DATA EXTRACT ->
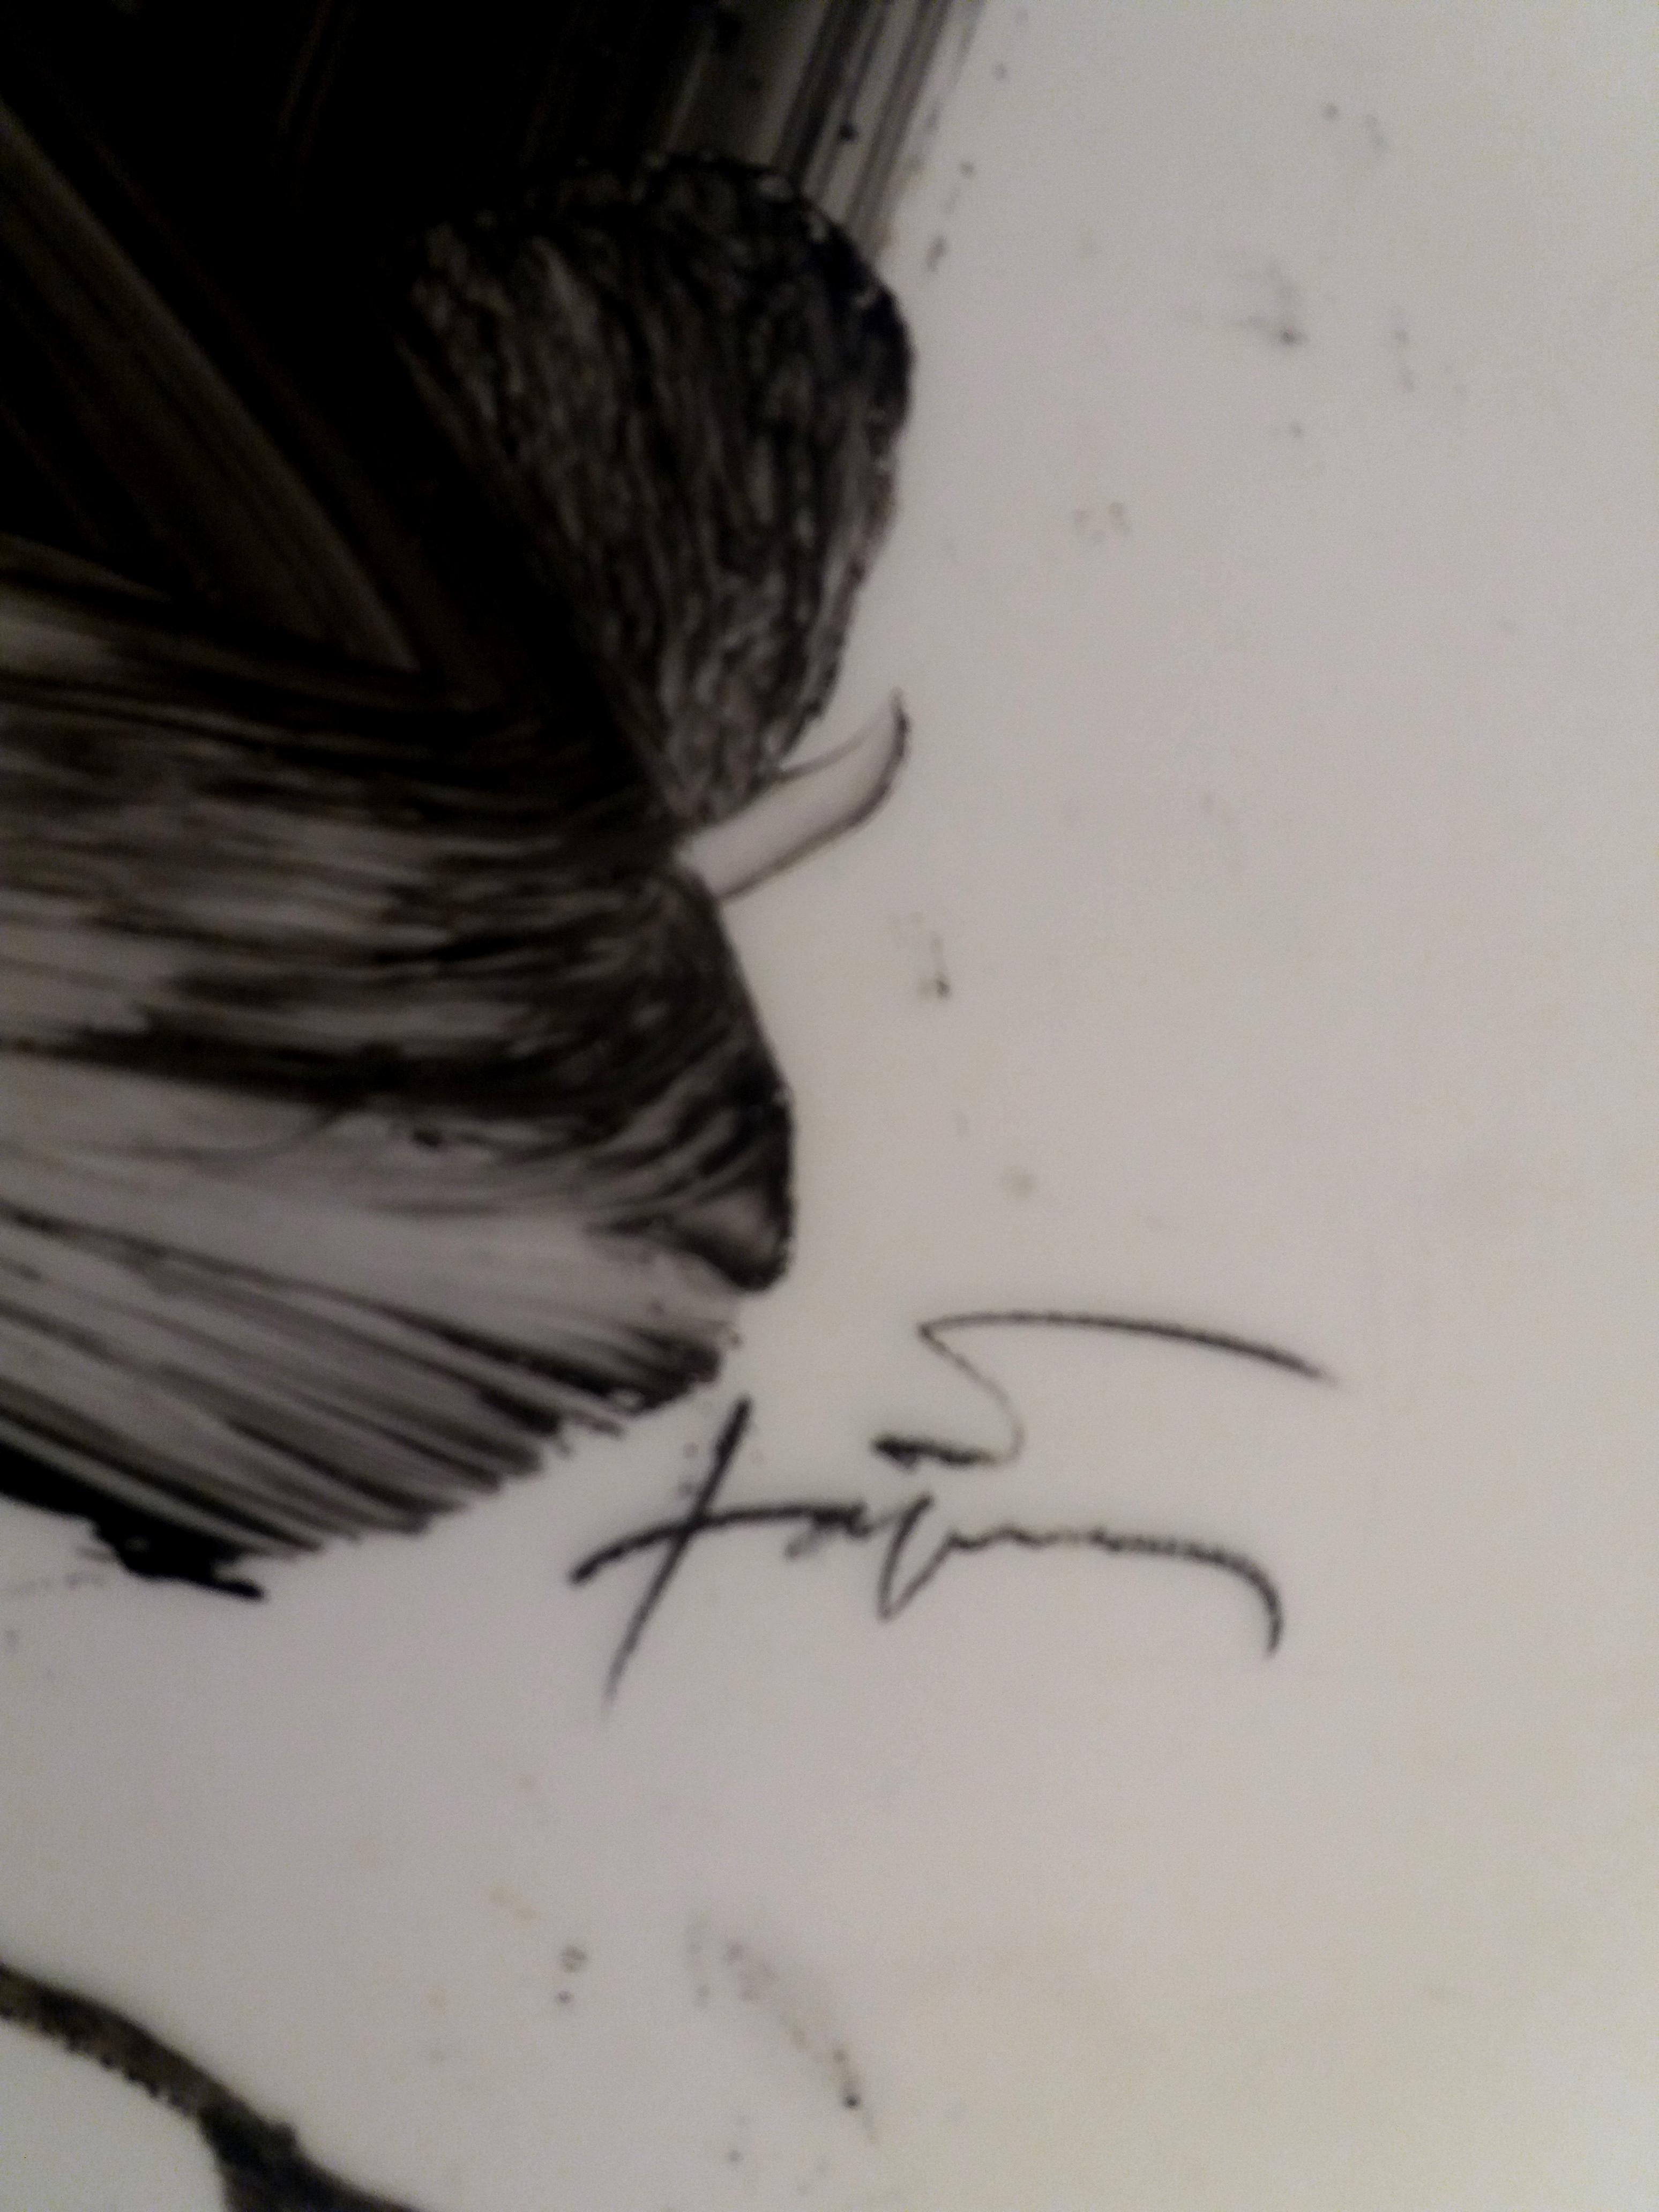 TAPIES  abstraktes Pauspapier schwarz/weiß
Dies ist eine Vorstudie für eine Lithographie
Antoni Tàpies' erste künstlerische Versuche begannen während einer langen Rekonvaleszenz nach einer schweren Krankheit, nach der ihn seine zunehmende Hingabe an

ASSIGNMENT -> In copying the listing, reproduce each line exactly and omit the pictures.

EXERCISE ANSWER ->
 TAPIES  abstraktes Pauspapier schwarz/weiß
Dies ist eine Vorstudie für eine Lithographie
Antoni Tàpies' erste künstlerische Versuche begannen während einer langen Rekonvaleszenz nach einer schweren Krankheit, nach der ihn seine zunehmende Hingabe an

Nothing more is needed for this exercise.